Conversely, the model’s sensitivity, or recall, is notably low at 30.65%. This indicates that the model only captures approximately 30.65% of the actual “yes” cases (subscribers), meaning it misses a significant portion of potential subscribers. The precision, or positive predictive value, is 65.85%, suggesting that when the model predicts “yes,” it is correct roughly 66% of the time. The Kappa statistic, at 0.37, signifies a moderate level of agreement beyond chance, but is not exceptionally strong. The low detection rate, at 3.58%, reinforces the model’s limited ability to identify true positive cases. In practical terms, this Decision Tree model prioritizes avoiding false positives at the cost of missing a substantial number of potential subscribers, resulting in a conservative approach that may not be optimal for maximizing revenue opportunities.
# Load required libraries
library(tidyverse)
library(caret)
library(doParallel)
## Warning: package 'doParallel' was built under R version 4.4.3
## Loading required package: foreach
## Warning: package 'foreach' was built under R version 4.4.2
##
## Attaching package: 'foreach'
## The following objects are masked from 'package:purrr':
##
## accumulate, when
## Loading required package: iterators
## Warning: package 'iterators' was built under R version 4.4.2
## Loading required package: parallel
# --- Load the Dataset ---
bank_data <- read.csv("C:/Users/Dell/Downloads/bank-full.csv", sep = ";")
# --- Replace "unknown" with NA ---
bank_data <- bank_data %>%
mutate(across(where(is.character), ~na_if(., "unknown")))
# Ensure target variable 'y' is a factor
bank_data$y <- factor(bank_data$y, levels = c("yes", "no"))
# --- Perform One-Hot Encoding for Categorical Variables ---
dummy_vars <- dummyVars("~ .", data = bank_data %>% select(-y), fullRank = TRUE)
bank_data_encoded <- predict(dummy_vars, newdata = bank_data %>% select(-y)) %>% as.data.frame()
# Add the target variable back to the dataset
bank_data_encoded$y <- bank_data$y
# --- Train-Test Split ---
set.seed(42) # For reproducibility
train_index <- createDataPartition(bank_data_encoded$y, p = 0.8, list = FALSE)
train_data <- bank_data_encoded[train_index, ]
test_data <- bank_data_encoded[-train_index, ]

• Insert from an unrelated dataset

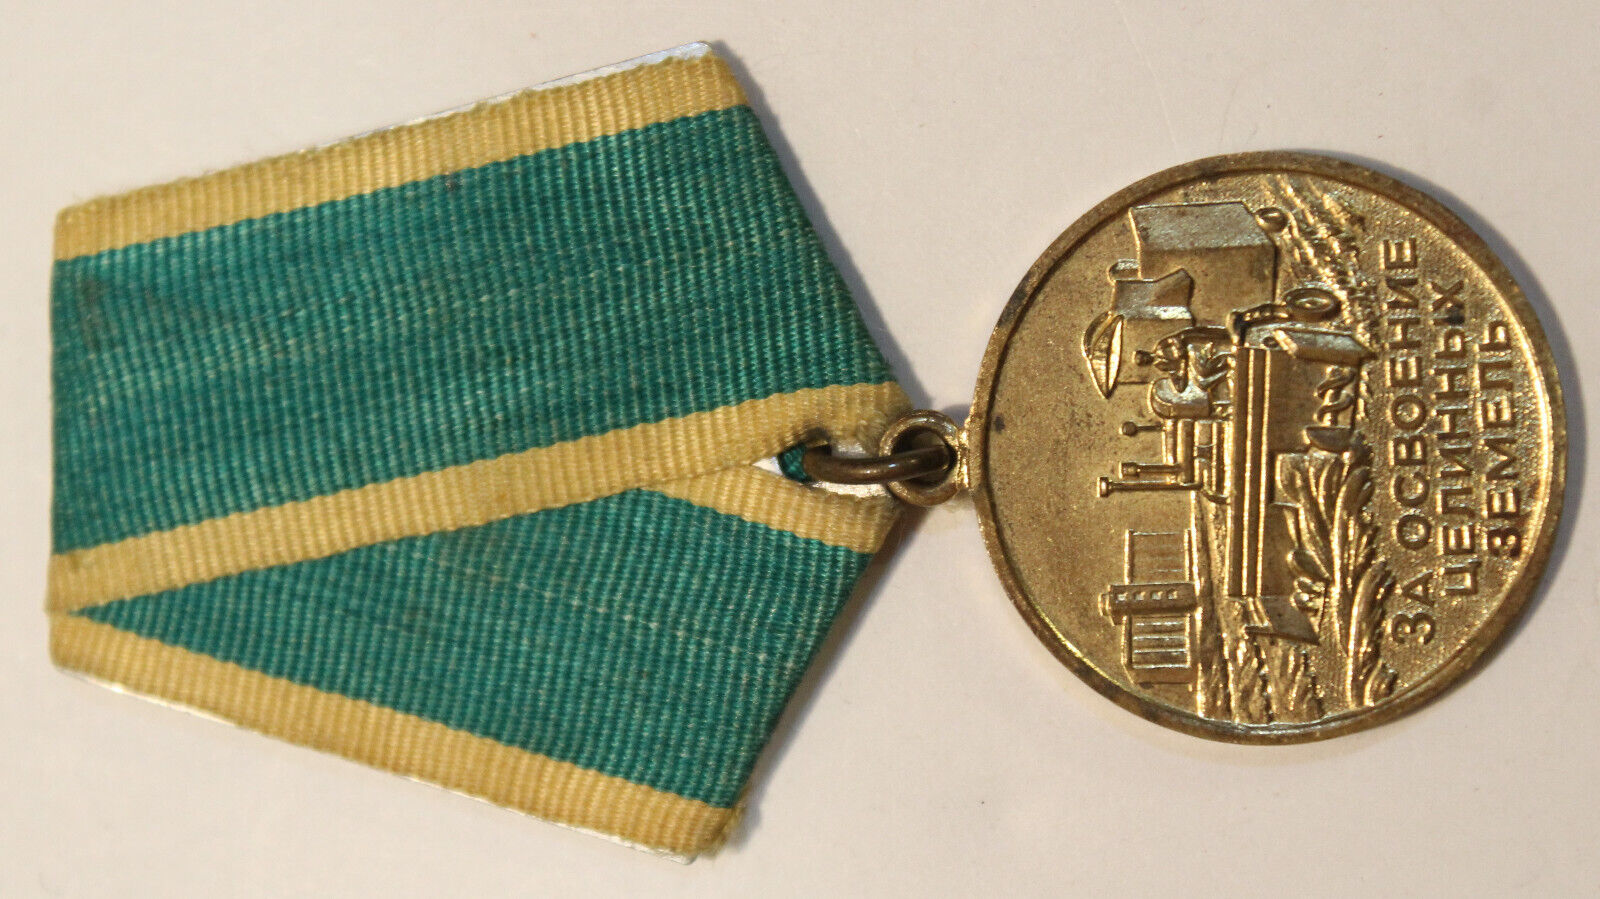 Soviet USSR Russia Medal for Development of Virgin Lands

# --- Handle Missing Values ---
# Impute missing values in train_data
preProcess_missing <- preProcess(train_data, method = "medianImpute")
train_data <- predict(preProcess_missing, train_data)
test_data <- predict(preProcess_missing, test_data)
# Align test data structure with train data
test_data <- test_data[, colnames(train_data)]
# Confirm No Missing Values Remain
stopifnot(sum(is.na(train_data)) == 0)
stopifnot(sum(is.na(test_data)) == 0)
# --- Random Forest Model ---
# Set up parallel processing
control <- trainControl(method = "cv", number = 3, allowParallel = TRUE)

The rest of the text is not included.